How do you know what your children will learn?
My mother wanted us to learn self-reliance. She told me once how proud she was at the lack of connection between us-my father, my brother, her and me. She felt she had achieved her purpose in making us "just four people who happen to share a house."
But I did not learn self-reliance from this. I learned to hold with all my might to my family, whether they wanted to be held or not. I learned that I wanted to teach my children that loyalty to the family comes first, and that family is the most important thing in their lives.
But I don't think my children learned this. I think they learned that family is a stranglehold to be resisted. My son fears commitment will tie him to a life he doesn't want. He doesn't seem to feel, as I do, that commitment and lifestyle do not proceed in lockstep, but that one can inform and support the other. My daughter uses commitment as a bludgeon, a weapon, to get her way. "Thwart me and I will withhold myself."

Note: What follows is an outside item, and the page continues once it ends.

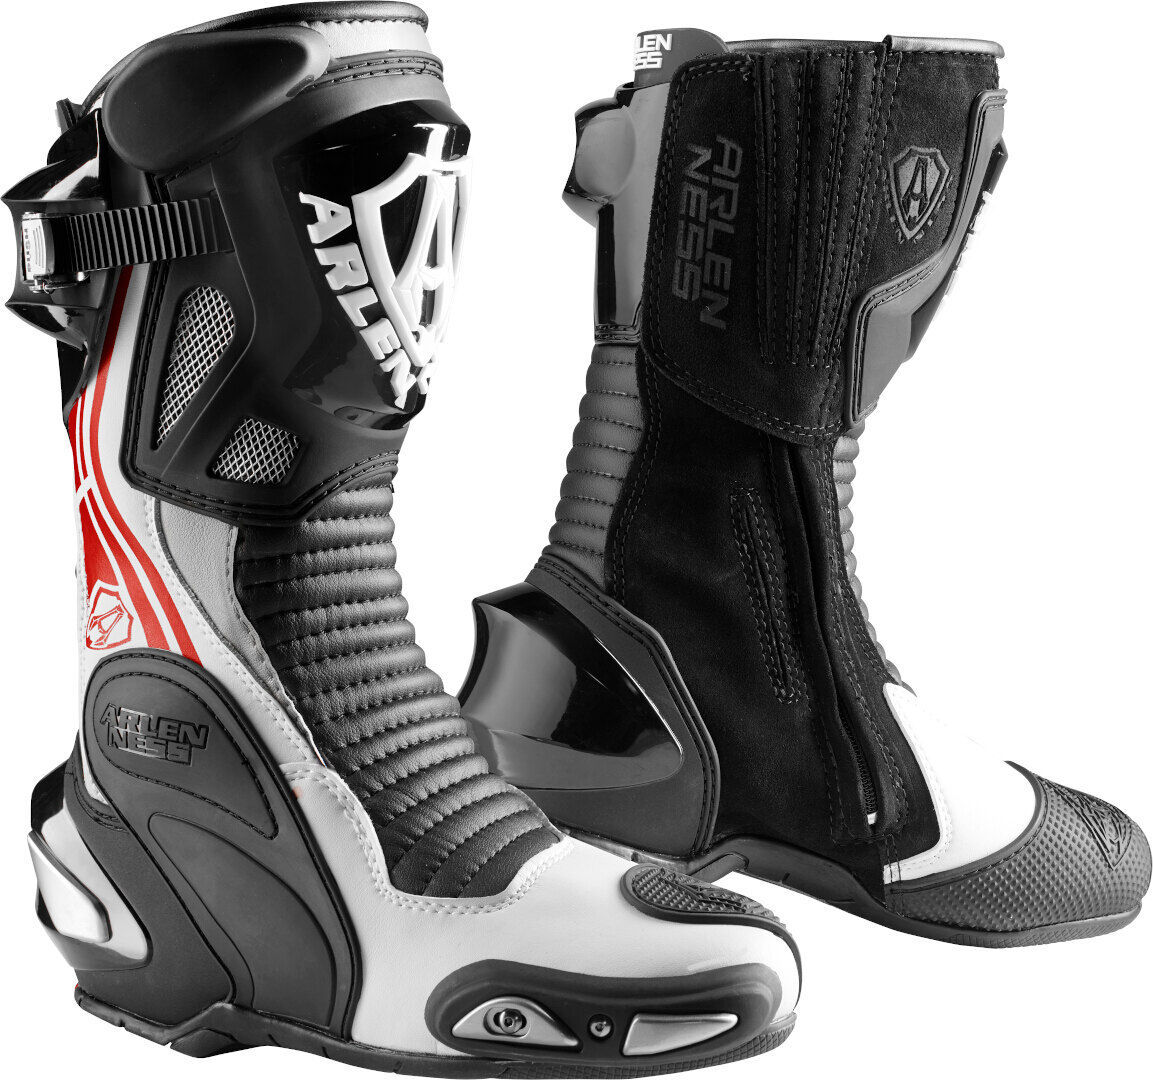 Arlen Ness Pro Shift 2 Motorcycle Boots  - Black White Red

Of course, these outcomes are my worst nightmare-- one child running as fast as he can from family commitment, and another threatening the same thing in order to make my own commitment stronger. Which is, of course, a pattern in my life, of loved ones and friends using my loyalty against me, and punishing me with their absence, physical or emotional, when I demand a return in love and loyalty.
Will my children punish me with distance, or reward with me with proximity? What price will I have to pay?